* **What the task requires**: The line containing "ACC. . Office Black (photo)" and each line after it, through the final line of the data, are to be retyped exactly, with pictures left out.

* **Given data**:

+-------+

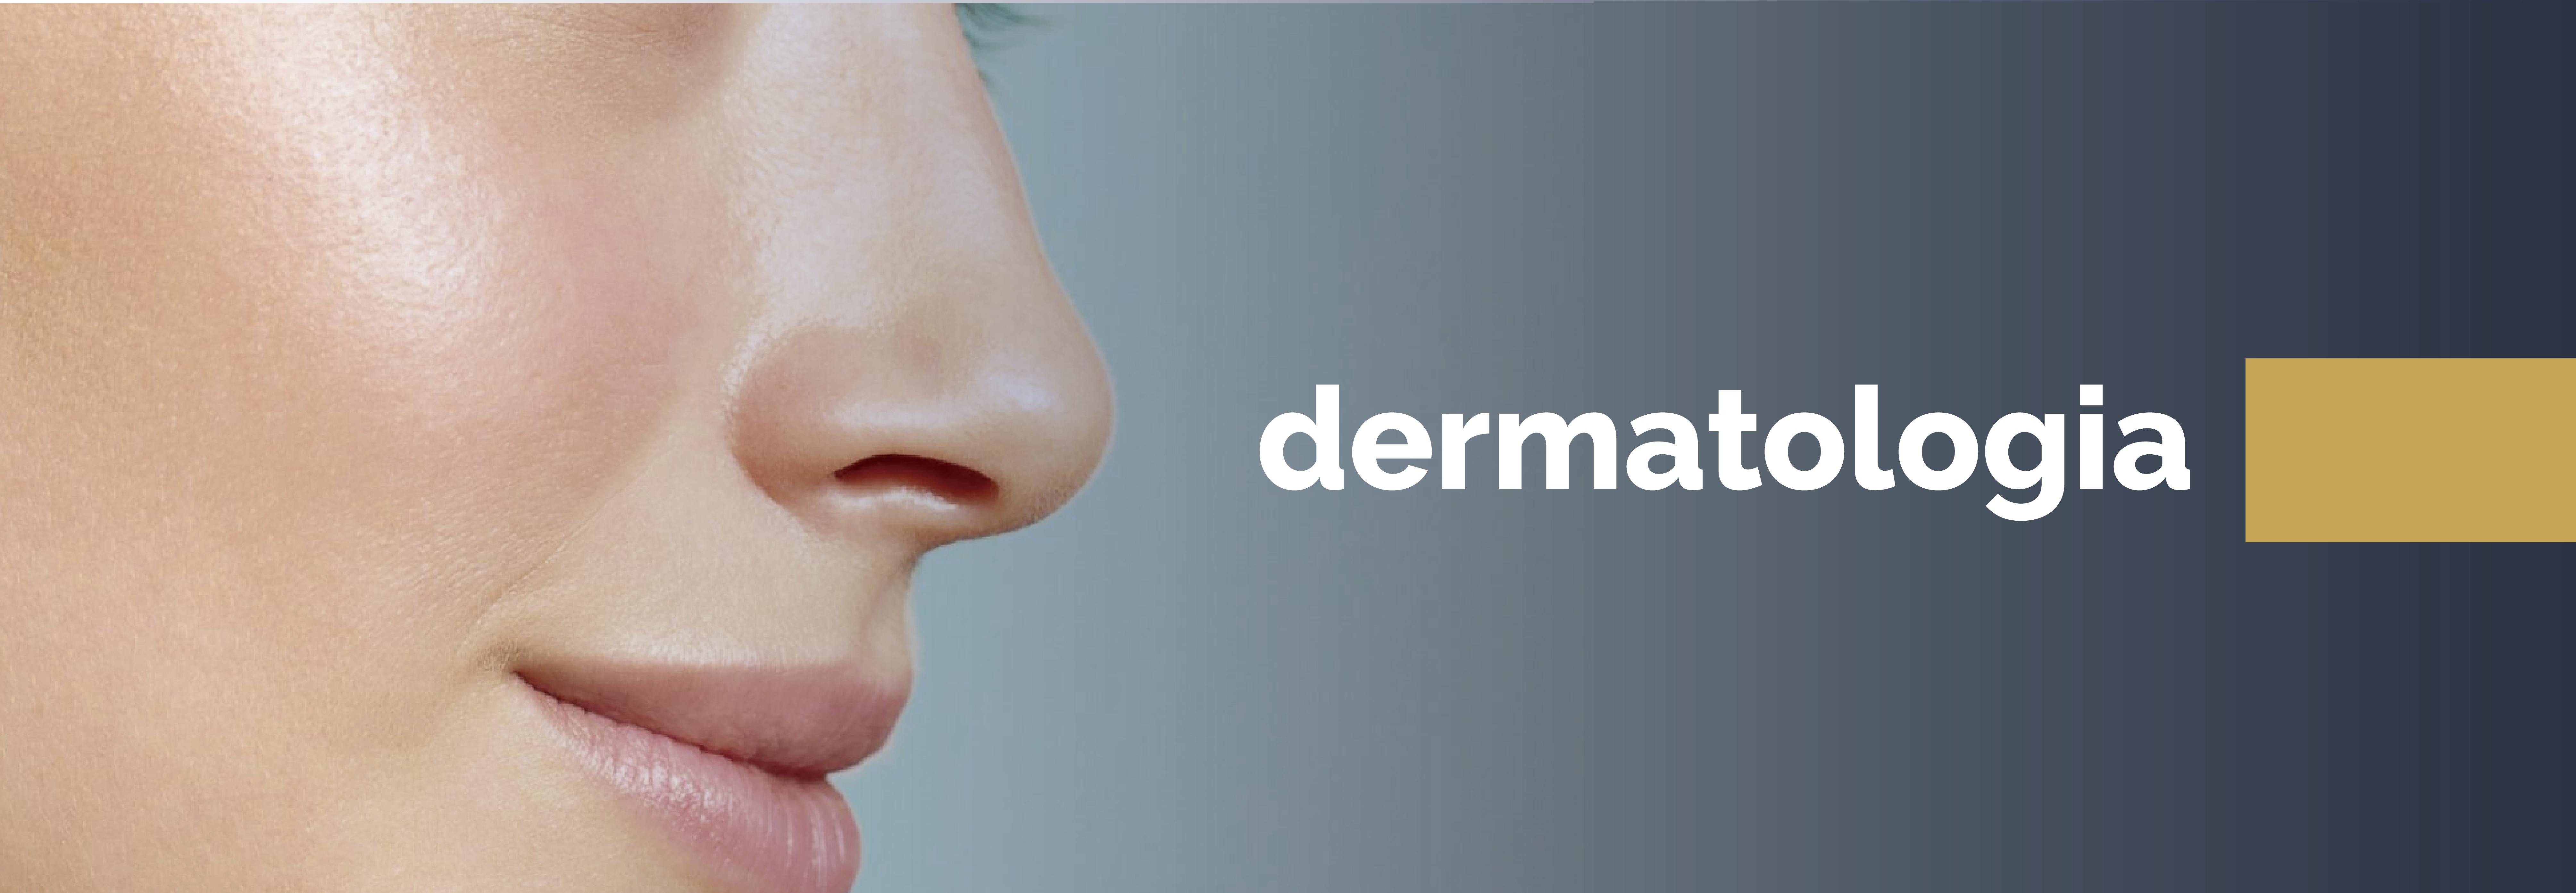 dermatologista uberlandia
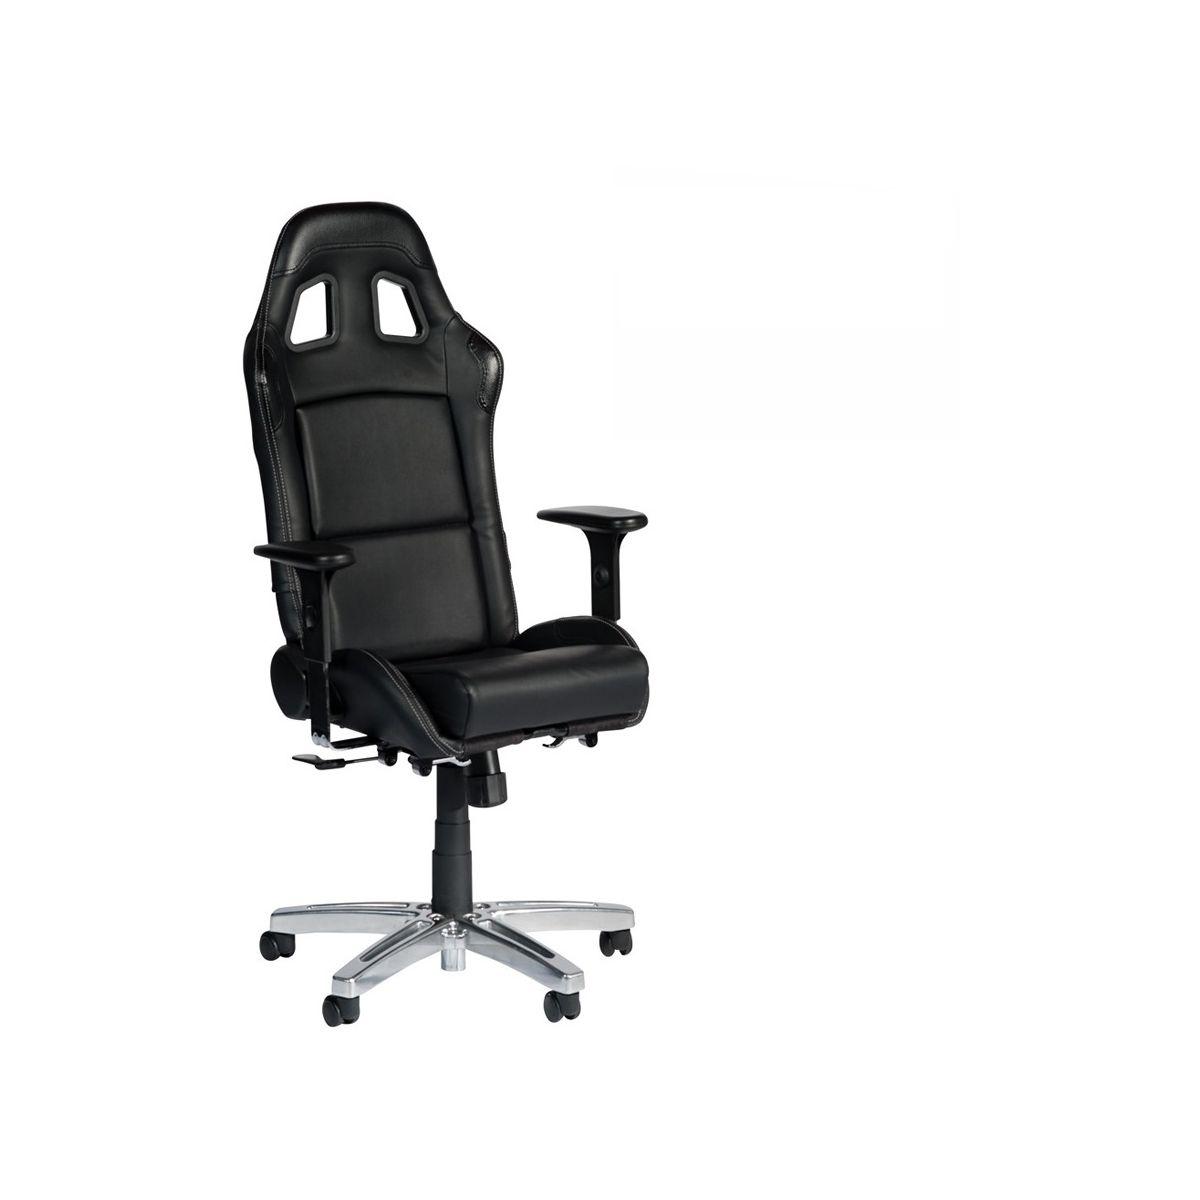 ACC. . Office Black (photo)
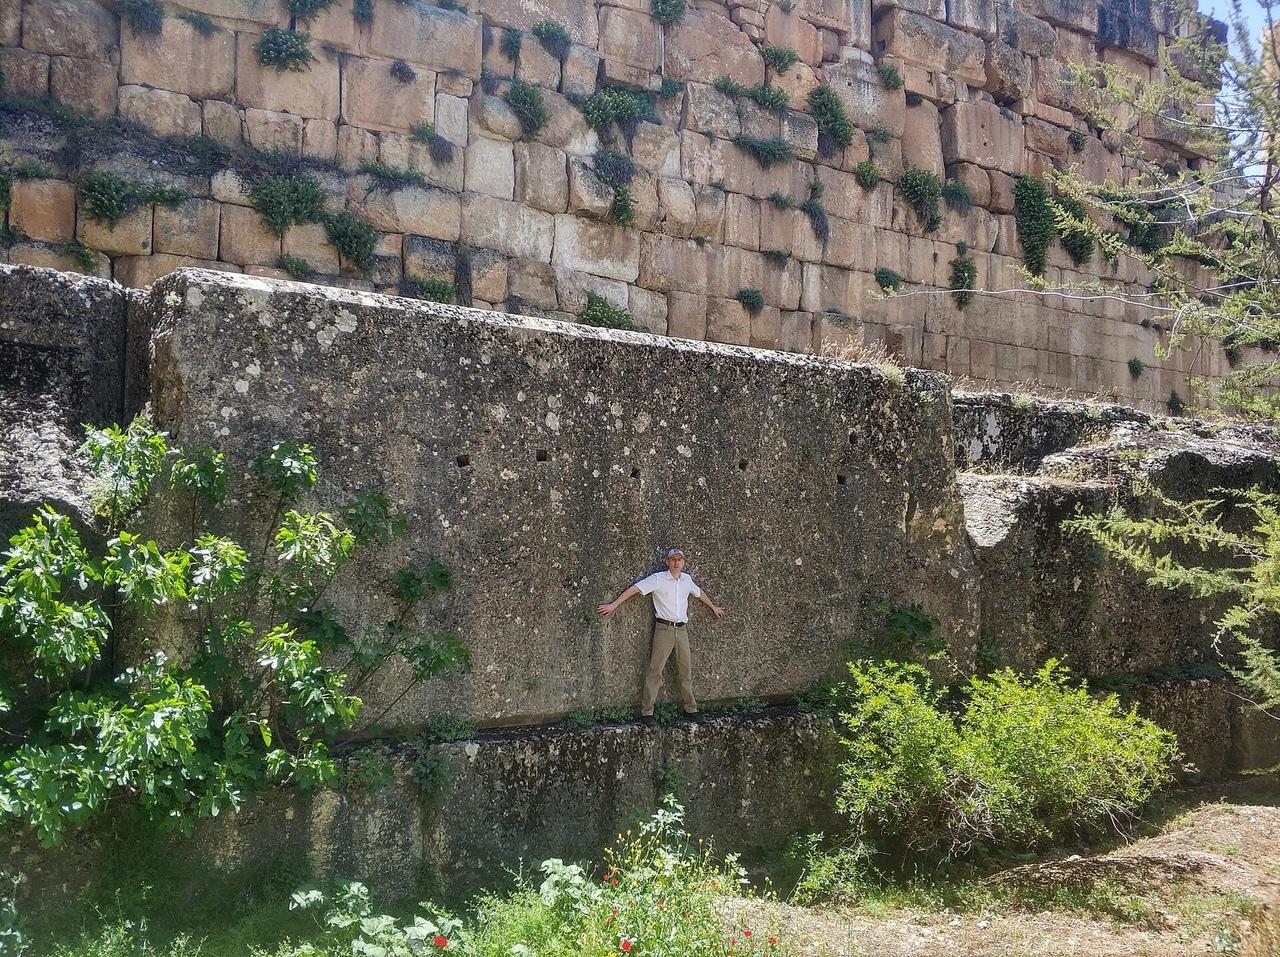 Temple of Jupiter, Baalbek 2

+-------+

* **Task result**:
 ACC. . Office Black (photo)
 Temple of Jupiter, Baalbek 2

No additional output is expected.